Given information:
★ ★ ★ ★ ★ ★ ★

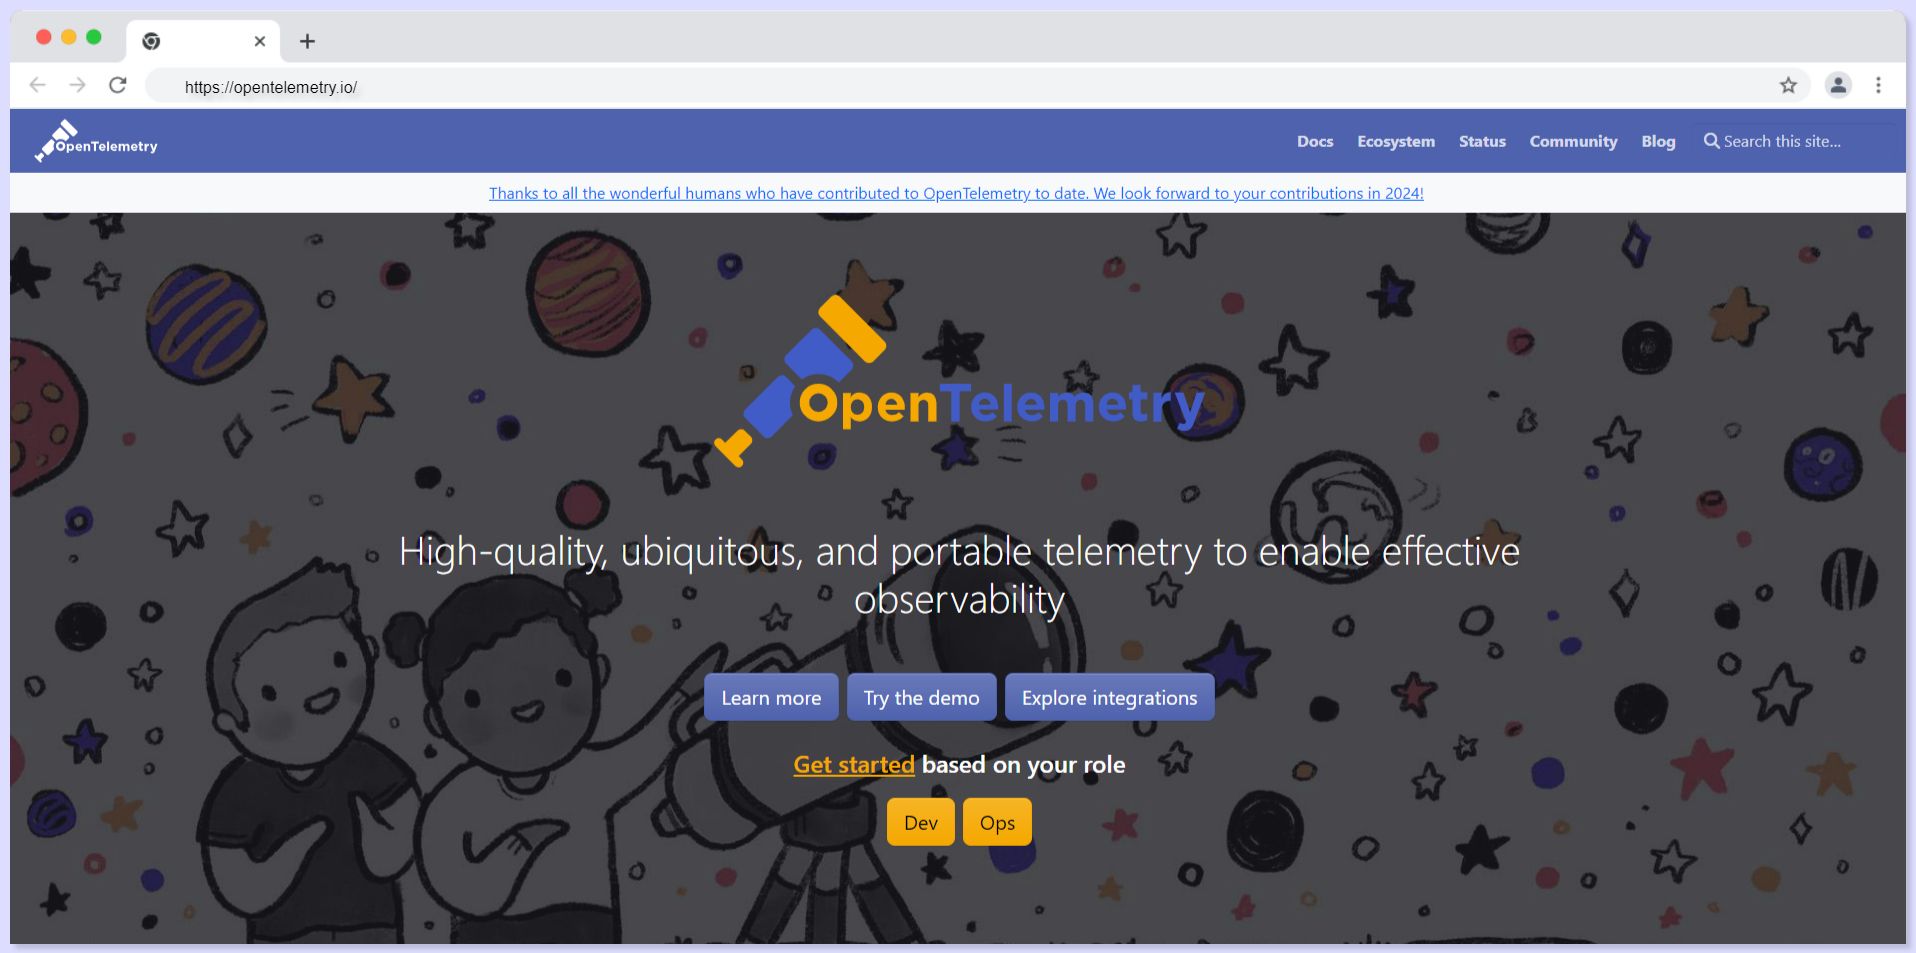 OpenTelemetry Website
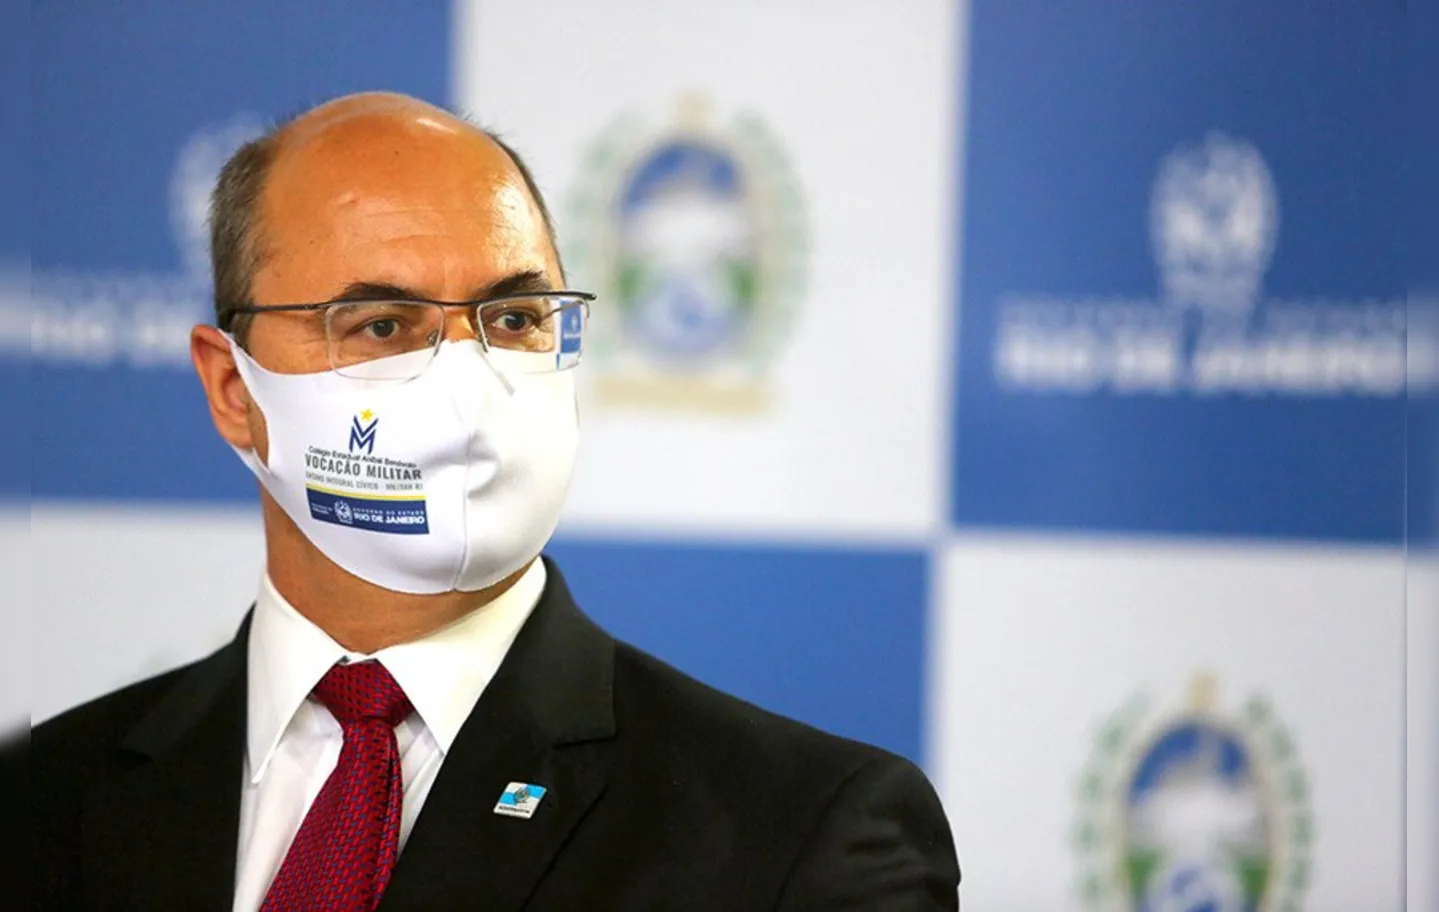 Denuncias apontam que o ex-governador se beneficiou de um esquema de corrupção no início da pandemia| Foto: Philippe Lima | GOVRJ
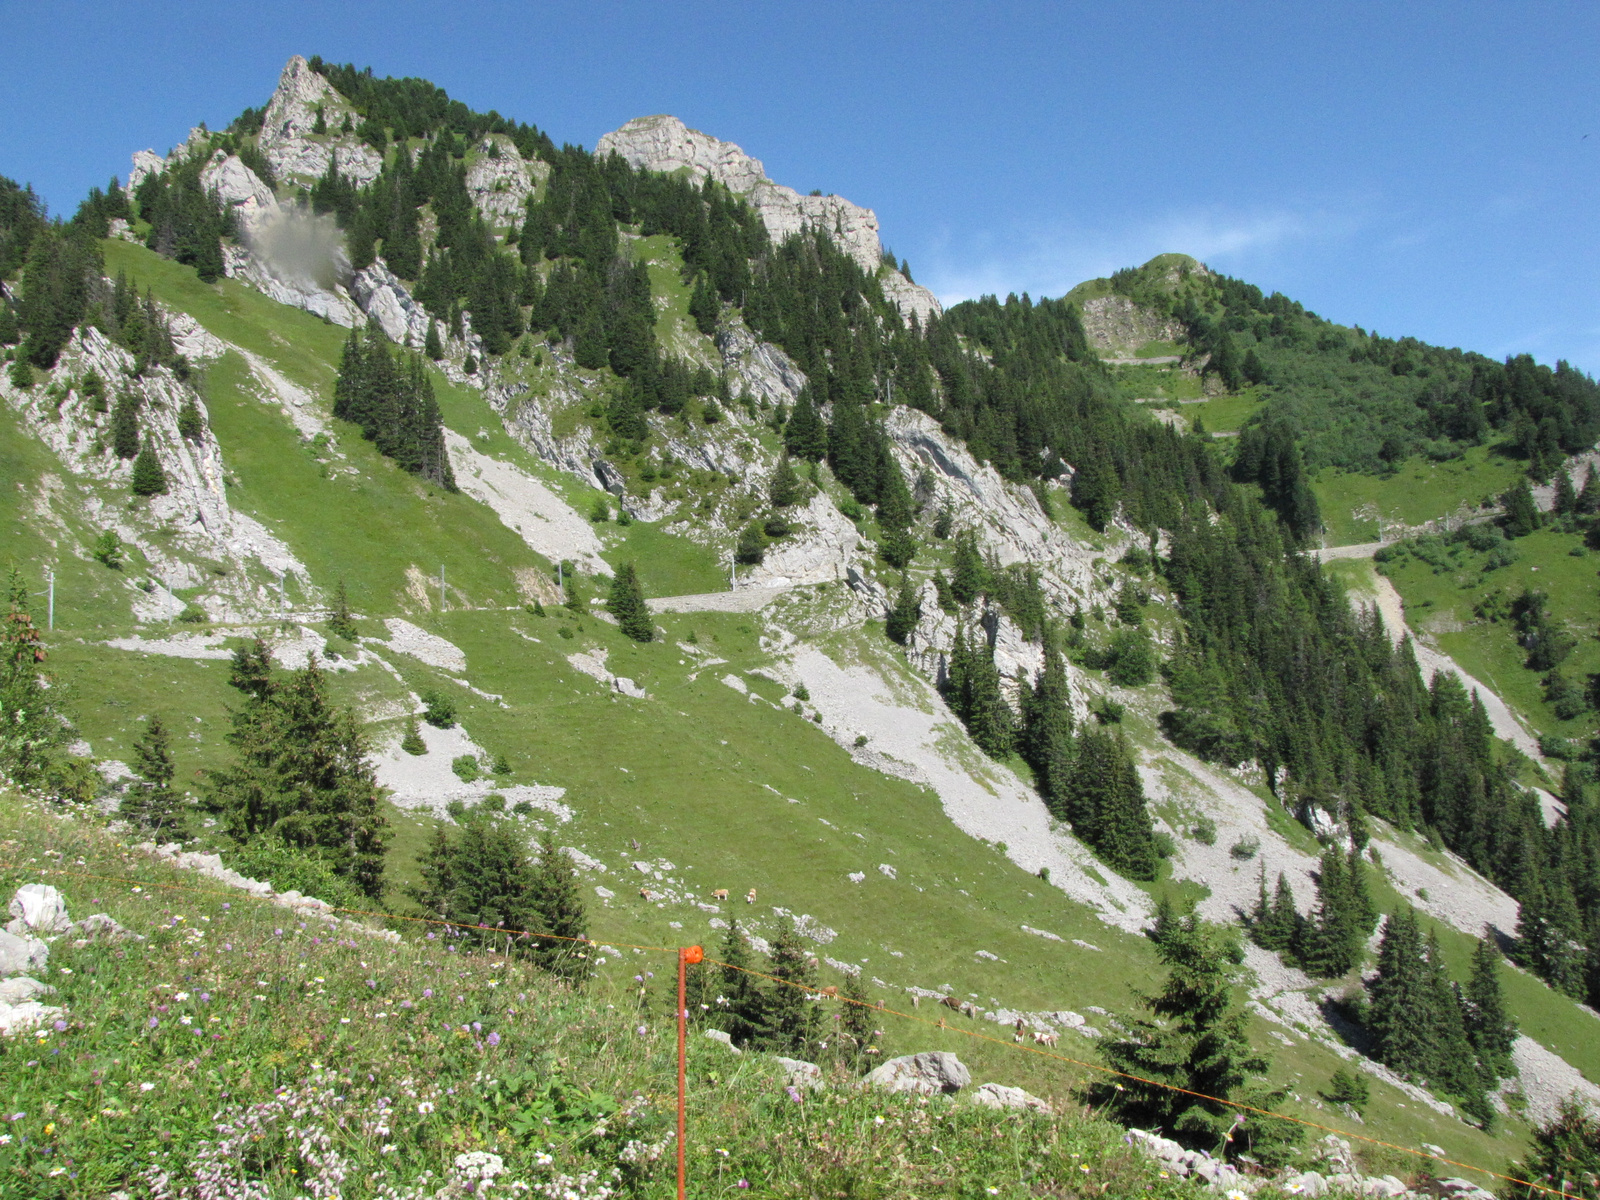 Svájc, Jungfrau Region, Schynigeplatte Bahn, SzG3

★ ★ ★ ★ ★ ★ ★

Assigned task: Every word of the data should be reproduced exactly; please omit any pictures.

Exercise solution:
 OpenTelemetry Website
 Denuncias apontam que o ex-governador se beneficiou de um esquema de corrupção no início da pandemia| Foto: Philippe Lima | GOVRJ
 Svájc, Jungfrau Region, Schynigeplatte Bahn, SzG3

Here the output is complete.